Grading World Models
testing beliefs against reality
Suppose you are bitten by a rattlesnake. Would you rather be treated by a medical toxicologist, or by a faith healer who chews up herbs and spits them into the wound?
Because snake bites usually aren’t fatal, most patients survive either way. In noisy domains, almost anyone can claim some surviving patients. The question is not whether you can survive a bad process. The question is which model actually improves your odds.

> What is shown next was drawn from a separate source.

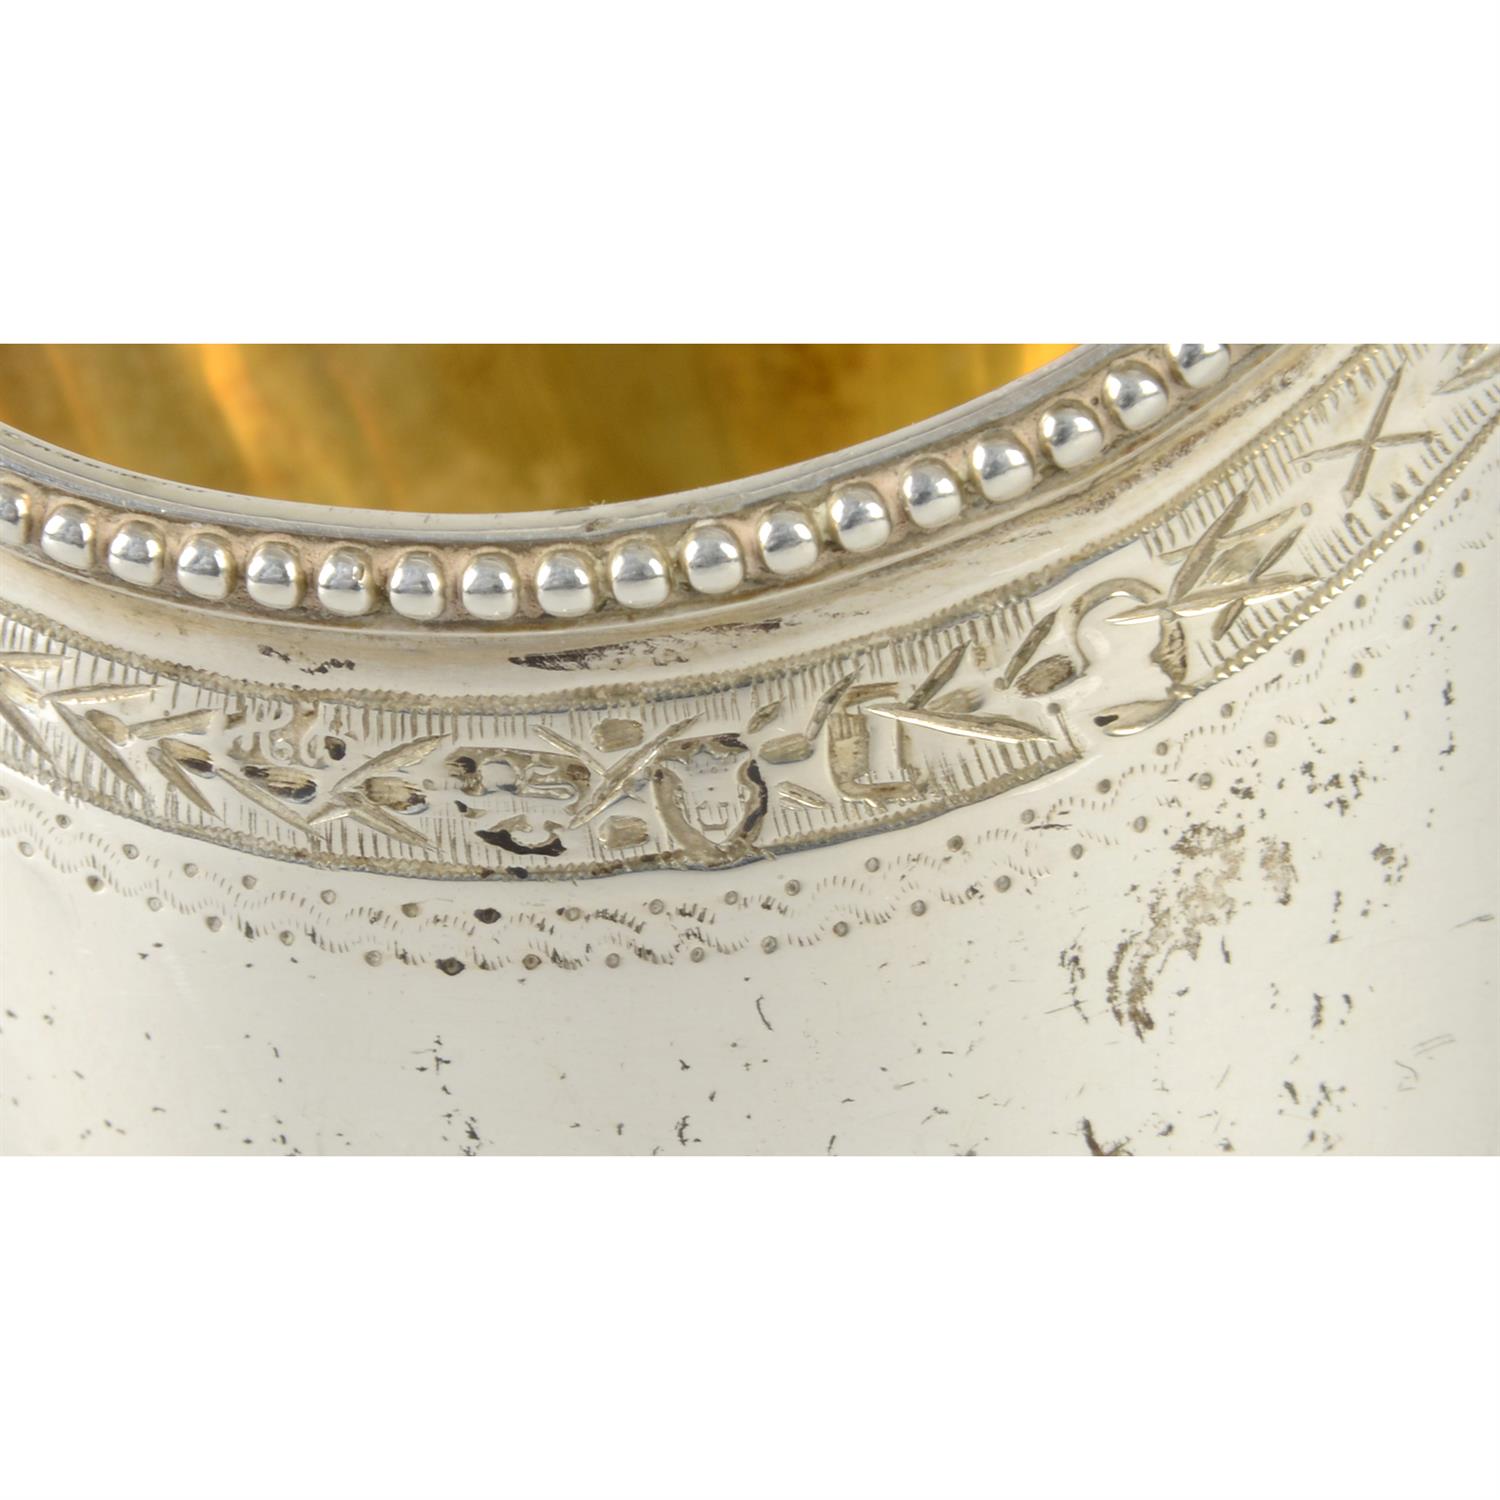 George III silver pedestal cream jug by Hester Bateman. - Image 3 of 3

In public reasoning, we choose the faith healer constantly. Most people form beliefs using heuristics like narrative fit or social identity that were good enough for natural selection. This might work for navigating social environments, but it isn’t suited for developing accurate world models. Without external feedback loops, it’s too easy to reinterpret contrary evidence and explain away failures. The deeper problem is that most people have no reliable mechanism for even noticing when they’re mistaken.
The Exam
A story can be crafted to explain anything after the fact, and a theory that doesn’t make falsifiable predictions can survive indefinitely. Forecasting brings the right incentives for beliefs to move from trying to sound good to trying to be predictive.
When I’m teaching, I want my students to do well, but I also want them to comprehend the material. I can’t just give them the exam key to study from or most of them would just overfit to the test. The purpose is to find out if they understand the material well enough to solve new problems.
World models should be judged the same way.
A model that only explains the past may be nothing more than a story fitted to the answer key. A model that anticipates new cases has captured something real. Forecasting demonstrates whether a world model holds up outside the training set.
Forecasting is an exam for world models. A strong track record is compressed evidence about whose beliefs are disciplined by reality. Top forecasters have demonstrated that their expectations are aligned with how the world actually is.
Top Performers
If forecasting is the exam reality gives to world models, forecasters who consistently outperform the crowd are the students at the top of the class.
Marginal advantages matter. An investor does not need to beat the market every day to have skill. Similarly, a good forecast usually isn’t “the crowd is at 20%, but I alone know it’s 100%.” More often, the advantage looks like slightly better calibration over time.
Forecast scoring separates people with reality-shaped models from the rest. These people have demonstrated one of the rarest and most valuable intellectual skills: the ability to form beliefs that reality vindicates.
The Leaderboard
Building a meritocratic leaderboard was the promise of forecasting platforms.
They would identify people with unusually good judgment, measure their performance over time, and make that talent useful. The idea was to discover people whose beliefs repeatedly made contact with reality, then route them toward decisions where reality-contact mattered.
On the first part, forecasting platforms largely succeeded.
They showed that probabilistic judgment is not just noise. Some people consistently outperform others. They are better calibrated, better at using base rates, better at updating, and less likely to let a preferred story dominate their expectations. Across many questions, these small advantages compound into a meaningful edge.
The Opportunity
The ideas from the forecasting community have started to take hold, but the market for truth is still smaller than the market for reassurance, and many of the most important concepts haven’t been widely adopted yet.
In many cases, the faith healer model limps along simply because of inertia. When you combine entrenched institutional advantages with the natural appeal of a good narrative and drop it all into a noisy world, the faith healer can survive a very long time before anyone starts questioning their track record.
A compelling story will always be easier to absorb than a calibrated probability. But that blind spot is exactly what makes the opportunity so valuable.
Forecasting platforms have identified people whose beliefs have been repeatedly tested against reality. The next step is to route that judgment toward decisions where being wrong is expensive, giving organizations access to something public reasoning usually lacks: a measured record of who is more likely to be right.